Record extracts below:

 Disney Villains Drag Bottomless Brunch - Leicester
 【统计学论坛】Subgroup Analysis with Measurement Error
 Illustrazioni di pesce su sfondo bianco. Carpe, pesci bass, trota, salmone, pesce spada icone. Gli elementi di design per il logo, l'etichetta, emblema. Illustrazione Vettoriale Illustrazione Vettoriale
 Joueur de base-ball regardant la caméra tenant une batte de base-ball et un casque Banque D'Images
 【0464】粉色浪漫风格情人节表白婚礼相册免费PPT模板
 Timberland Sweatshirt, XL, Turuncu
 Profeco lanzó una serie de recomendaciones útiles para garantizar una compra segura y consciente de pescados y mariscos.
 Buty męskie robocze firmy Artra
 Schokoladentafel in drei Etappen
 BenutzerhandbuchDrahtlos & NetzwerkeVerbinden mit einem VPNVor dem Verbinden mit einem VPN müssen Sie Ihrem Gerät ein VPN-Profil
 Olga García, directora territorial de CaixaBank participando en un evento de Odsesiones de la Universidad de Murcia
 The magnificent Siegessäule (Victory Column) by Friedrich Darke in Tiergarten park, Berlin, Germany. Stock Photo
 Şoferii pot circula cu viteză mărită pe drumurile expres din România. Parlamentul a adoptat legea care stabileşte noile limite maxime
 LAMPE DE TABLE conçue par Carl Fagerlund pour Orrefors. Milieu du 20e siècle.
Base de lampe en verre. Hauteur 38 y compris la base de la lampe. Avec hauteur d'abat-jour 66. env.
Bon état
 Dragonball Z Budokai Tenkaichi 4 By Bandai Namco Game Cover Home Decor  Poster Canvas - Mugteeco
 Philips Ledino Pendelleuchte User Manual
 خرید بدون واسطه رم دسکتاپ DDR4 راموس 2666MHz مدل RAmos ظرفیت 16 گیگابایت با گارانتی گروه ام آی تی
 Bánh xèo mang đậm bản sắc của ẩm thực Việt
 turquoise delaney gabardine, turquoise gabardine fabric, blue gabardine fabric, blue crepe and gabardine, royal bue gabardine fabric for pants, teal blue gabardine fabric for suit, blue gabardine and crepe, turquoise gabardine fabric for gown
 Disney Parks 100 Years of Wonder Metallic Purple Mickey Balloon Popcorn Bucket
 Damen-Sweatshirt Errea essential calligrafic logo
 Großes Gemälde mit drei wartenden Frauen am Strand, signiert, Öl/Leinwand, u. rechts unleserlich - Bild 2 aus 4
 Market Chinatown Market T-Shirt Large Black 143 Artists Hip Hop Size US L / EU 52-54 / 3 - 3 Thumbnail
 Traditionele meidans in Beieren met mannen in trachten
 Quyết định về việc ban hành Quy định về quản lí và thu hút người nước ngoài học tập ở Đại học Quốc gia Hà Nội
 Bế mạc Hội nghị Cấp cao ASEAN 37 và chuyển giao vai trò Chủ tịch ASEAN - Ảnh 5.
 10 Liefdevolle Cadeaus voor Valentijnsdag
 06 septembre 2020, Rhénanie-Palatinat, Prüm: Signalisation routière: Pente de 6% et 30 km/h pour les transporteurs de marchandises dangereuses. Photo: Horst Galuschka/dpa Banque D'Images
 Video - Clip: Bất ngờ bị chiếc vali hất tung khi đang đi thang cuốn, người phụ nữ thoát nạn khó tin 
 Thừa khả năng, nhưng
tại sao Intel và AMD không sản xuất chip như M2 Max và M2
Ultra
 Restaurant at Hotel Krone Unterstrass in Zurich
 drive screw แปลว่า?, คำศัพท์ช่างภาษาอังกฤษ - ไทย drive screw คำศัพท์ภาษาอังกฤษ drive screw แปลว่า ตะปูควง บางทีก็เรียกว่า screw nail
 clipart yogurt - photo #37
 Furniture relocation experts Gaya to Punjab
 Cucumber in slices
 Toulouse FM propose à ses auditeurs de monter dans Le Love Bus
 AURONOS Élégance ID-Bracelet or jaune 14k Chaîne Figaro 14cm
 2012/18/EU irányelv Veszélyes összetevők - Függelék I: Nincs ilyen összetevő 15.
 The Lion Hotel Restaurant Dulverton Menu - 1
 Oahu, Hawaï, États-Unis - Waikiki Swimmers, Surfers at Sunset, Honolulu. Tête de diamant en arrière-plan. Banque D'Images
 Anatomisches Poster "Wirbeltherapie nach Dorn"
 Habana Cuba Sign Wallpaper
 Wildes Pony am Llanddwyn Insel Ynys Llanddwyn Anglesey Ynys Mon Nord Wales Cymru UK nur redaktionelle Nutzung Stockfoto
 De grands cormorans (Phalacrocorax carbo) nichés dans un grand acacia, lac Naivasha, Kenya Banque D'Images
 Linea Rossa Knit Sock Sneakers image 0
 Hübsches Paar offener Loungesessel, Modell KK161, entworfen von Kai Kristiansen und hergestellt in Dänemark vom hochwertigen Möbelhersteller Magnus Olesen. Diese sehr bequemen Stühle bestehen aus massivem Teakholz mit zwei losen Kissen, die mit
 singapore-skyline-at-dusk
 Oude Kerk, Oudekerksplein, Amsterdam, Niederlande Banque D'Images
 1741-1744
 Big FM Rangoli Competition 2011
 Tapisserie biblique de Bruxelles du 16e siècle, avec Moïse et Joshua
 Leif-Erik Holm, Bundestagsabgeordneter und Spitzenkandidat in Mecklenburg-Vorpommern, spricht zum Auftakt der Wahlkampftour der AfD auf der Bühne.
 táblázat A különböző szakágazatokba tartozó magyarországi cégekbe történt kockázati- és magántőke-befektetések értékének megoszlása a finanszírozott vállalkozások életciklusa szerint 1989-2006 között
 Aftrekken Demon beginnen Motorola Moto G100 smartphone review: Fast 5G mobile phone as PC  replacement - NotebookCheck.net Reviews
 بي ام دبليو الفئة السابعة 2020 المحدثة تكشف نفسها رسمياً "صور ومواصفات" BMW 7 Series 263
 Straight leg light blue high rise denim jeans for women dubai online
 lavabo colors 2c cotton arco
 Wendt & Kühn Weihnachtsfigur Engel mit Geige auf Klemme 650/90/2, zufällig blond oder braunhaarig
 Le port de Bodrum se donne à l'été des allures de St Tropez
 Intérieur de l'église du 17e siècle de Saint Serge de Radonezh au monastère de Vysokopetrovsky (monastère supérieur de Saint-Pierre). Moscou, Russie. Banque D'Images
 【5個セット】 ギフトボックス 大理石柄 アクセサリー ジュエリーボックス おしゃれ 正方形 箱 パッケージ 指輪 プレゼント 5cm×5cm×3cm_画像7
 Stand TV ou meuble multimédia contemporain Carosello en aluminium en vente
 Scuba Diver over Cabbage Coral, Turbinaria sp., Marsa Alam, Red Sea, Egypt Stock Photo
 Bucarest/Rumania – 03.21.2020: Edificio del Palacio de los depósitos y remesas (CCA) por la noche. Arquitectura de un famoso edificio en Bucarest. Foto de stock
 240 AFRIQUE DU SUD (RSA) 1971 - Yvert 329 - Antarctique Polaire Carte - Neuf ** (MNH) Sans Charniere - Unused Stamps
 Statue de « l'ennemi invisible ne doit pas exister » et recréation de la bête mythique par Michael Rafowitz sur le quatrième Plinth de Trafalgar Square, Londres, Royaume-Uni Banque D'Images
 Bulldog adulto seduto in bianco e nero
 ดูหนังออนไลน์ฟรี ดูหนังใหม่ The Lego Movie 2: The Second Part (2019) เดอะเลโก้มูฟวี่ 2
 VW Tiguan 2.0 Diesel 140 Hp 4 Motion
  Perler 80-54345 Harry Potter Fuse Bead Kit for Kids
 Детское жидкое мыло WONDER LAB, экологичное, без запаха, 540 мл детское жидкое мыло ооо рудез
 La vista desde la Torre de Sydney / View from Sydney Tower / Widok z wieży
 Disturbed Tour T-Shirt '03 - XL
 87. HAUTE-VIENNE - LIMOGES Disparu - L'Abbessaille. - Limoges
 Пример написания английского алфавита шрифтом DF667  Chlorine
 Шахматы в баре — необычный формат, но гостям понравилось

End of Record extracts.

A complete answer gives every line of the data that includes "drei".

 Schokoladentafel in drei Etappen
 Großes Gemälde mit drei wartenden Frauen am Strand, signiert, Öl/Leinwand, u. rechts unleserlich - Bild 2 aus 4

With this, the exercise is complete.